Nick Kyrgios helped police track his lime-green Tesla after it was stolen in 2023. Photo: Instagram.
An accomplice to the man who robbed Nick Kyrgios’ family home has claimed he was acting “out of fear”, a court has heard.
In May 2023, now-40-year-old Tyler Heycox dropped a man off at the Kyrgios family home.
When the man knocked on the door, Norlaila Kyrgios, tennis star Nick Kyrgios’s mother, answered and opened the door part of the way.
The man forced the door open, pointed a gun at Ms Kyrgios and demanded she give him the keys to her son’s Tesla.
He drove off in it and led police on a chase across Canberra. During the chase, Heycox met up with the man and took the gun from him.
After the robbery, Mr Kyrgios called 000 and used his Tesla app to track the car’s movements, giving information to ACT Policing about the vehicle’s location. The offender was arrested in Ainslie.
Region is unable to name the man involved because he was a juvenile when he killed university student Clea Kathleen Rose.
The then-14-year-old was driving a stolen car when he struck Ms Rose on Mort Street in Civic during a police chase.
He drove off, while the 21-year-old woman died from her injuries about 20 days later.

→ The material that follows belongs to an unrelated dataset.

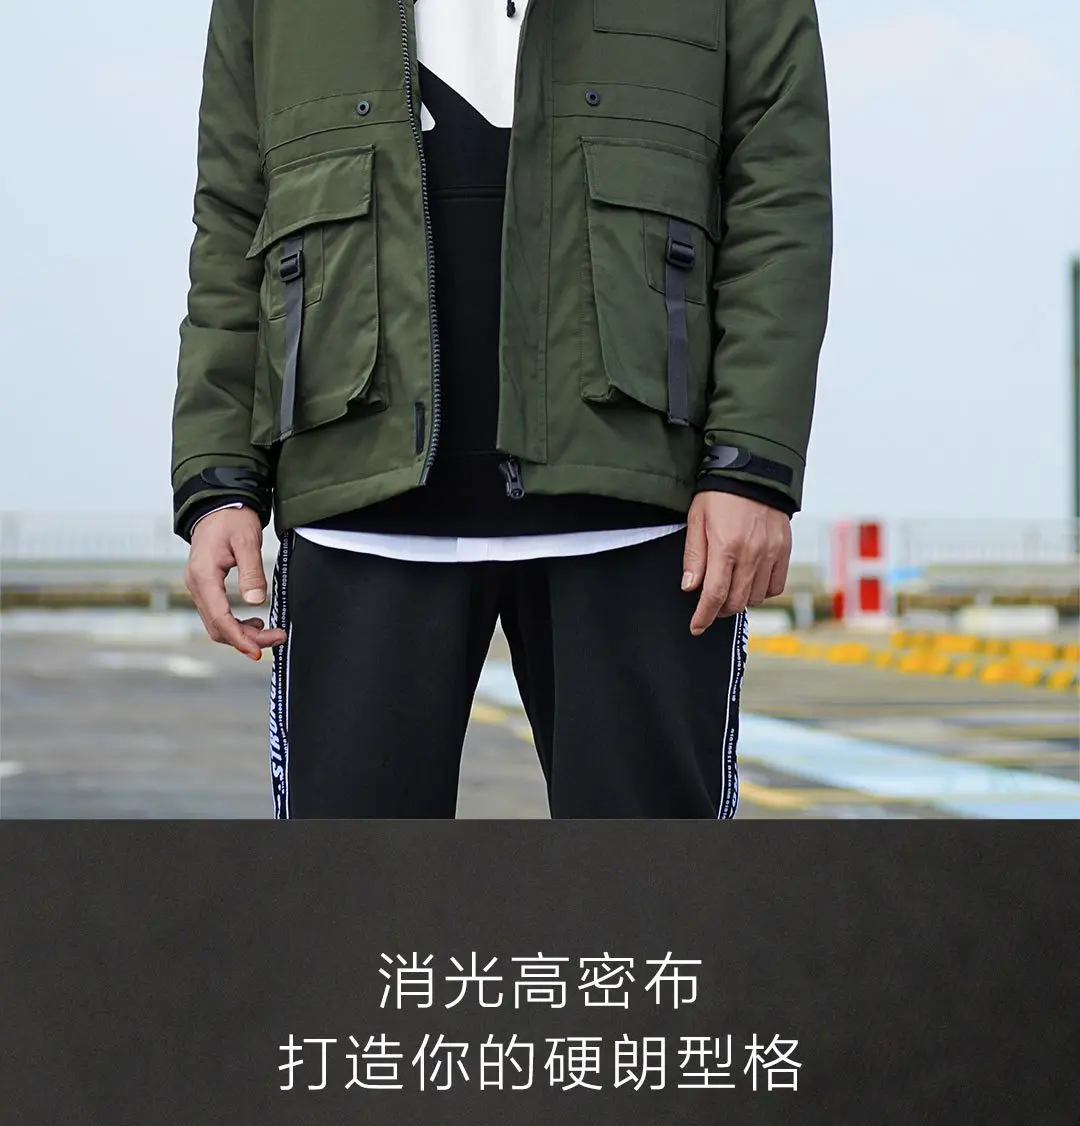 Xiaomi Mijia Youpin Uleemark Мужская оснастка хлопковая куртка оснастка стиль дизайн, 3M теплый бархат, удобная ткань памяти
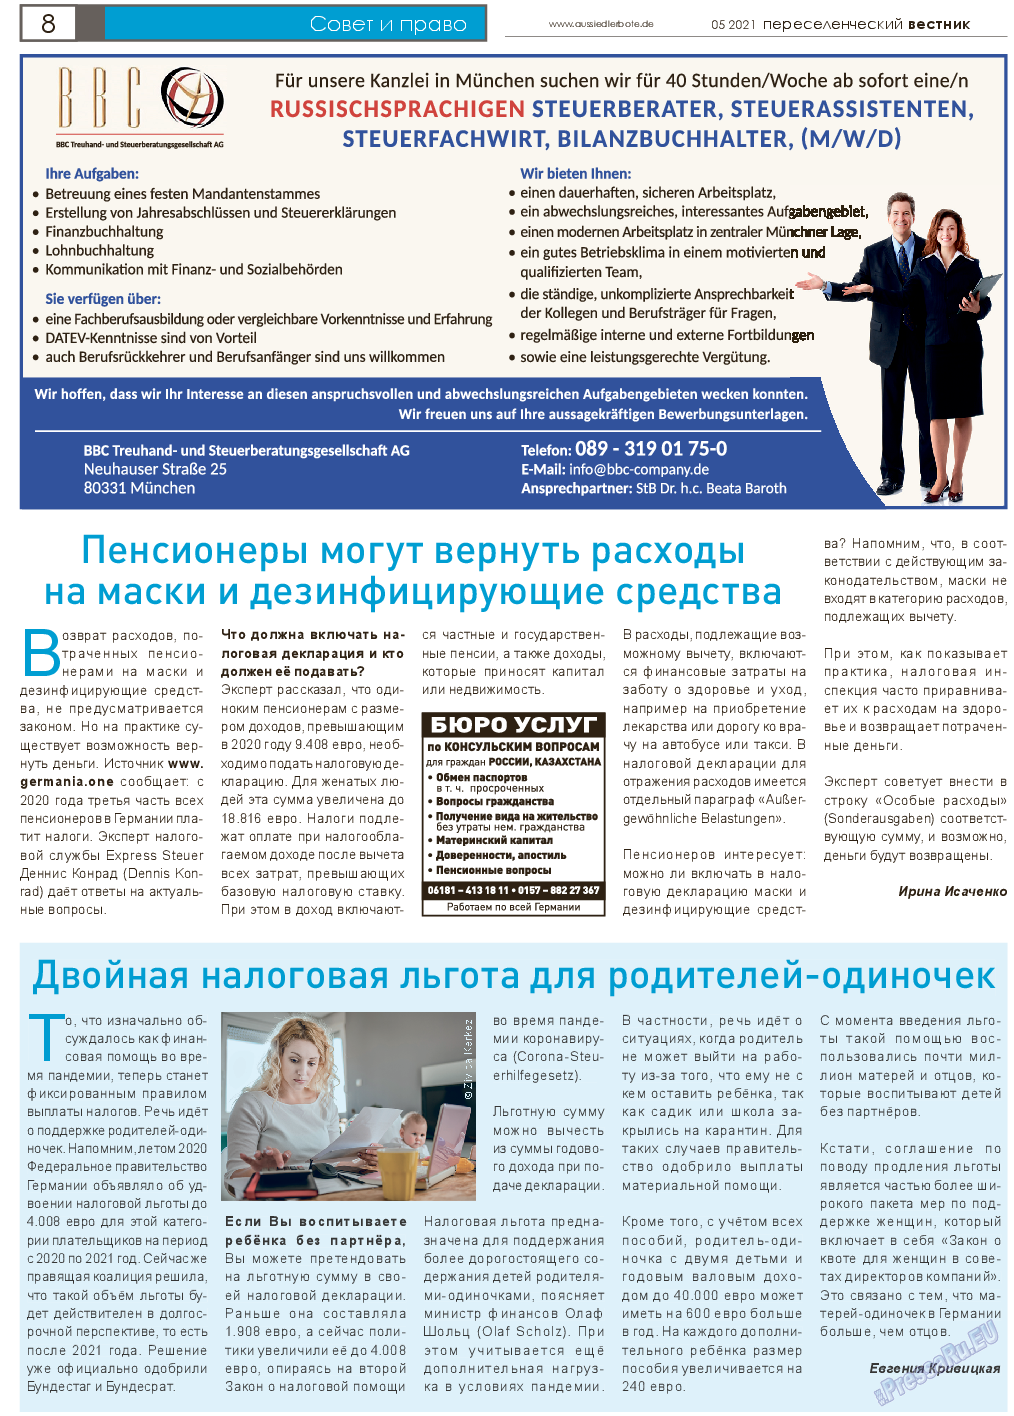 Переселенческий вестник, газета. 2021 №5 стр.8

The teenager was arrested and went on to serve time in prison over her death.
In July 2024, the ACT Supreme Court sentenced him to four-and-a-half years’ jail for his role in the Tesla robbery after he pleaded guilty to charges that included aggravated robbery.
During a hearing on Thursday (6 March), Heycox’s lawyer said much of his client’s criminal behaviour had been driven by his illicit drug use after he started using methamphetamine in his late 20s.
He told the court that while the two men had spoken the night before the robbery, to describe the conversation between the two men as planning was “a generous term”.
He said Heycox’s role was of a “significantly lesser nature” than that of the other man and that he was driven by a “fear of the co-offender”.
Heycox was not present for the robbery, which he called a “very bizarre incident”. But his lawyer acknowledged he would have had “some general idea” of what would happen.
“There’s no rational thinking that can be behind a plan to abscond with a vehicle that is infamous for its tracking devices and is an unusual vehicle,” he said.
However, Acting Justice John Burns said he couldn’t accept that submission.
“In the absence of evidence, I do not accept the proposition that there was no rational reason for this offence to have been committed,” he said.
Heycox’s lawyer said his client had a “positive and pro-social relationship” with his parents and planned to become a personal trainer upon release from custody.
Prosecutor Sam McLaughlin said the robbery involved the offenders taking the victim by “complete surprise”.
He said their offence was “pre-meditated with a degree of planning the night before” with Heycox involved in planning and carrying out the robbery.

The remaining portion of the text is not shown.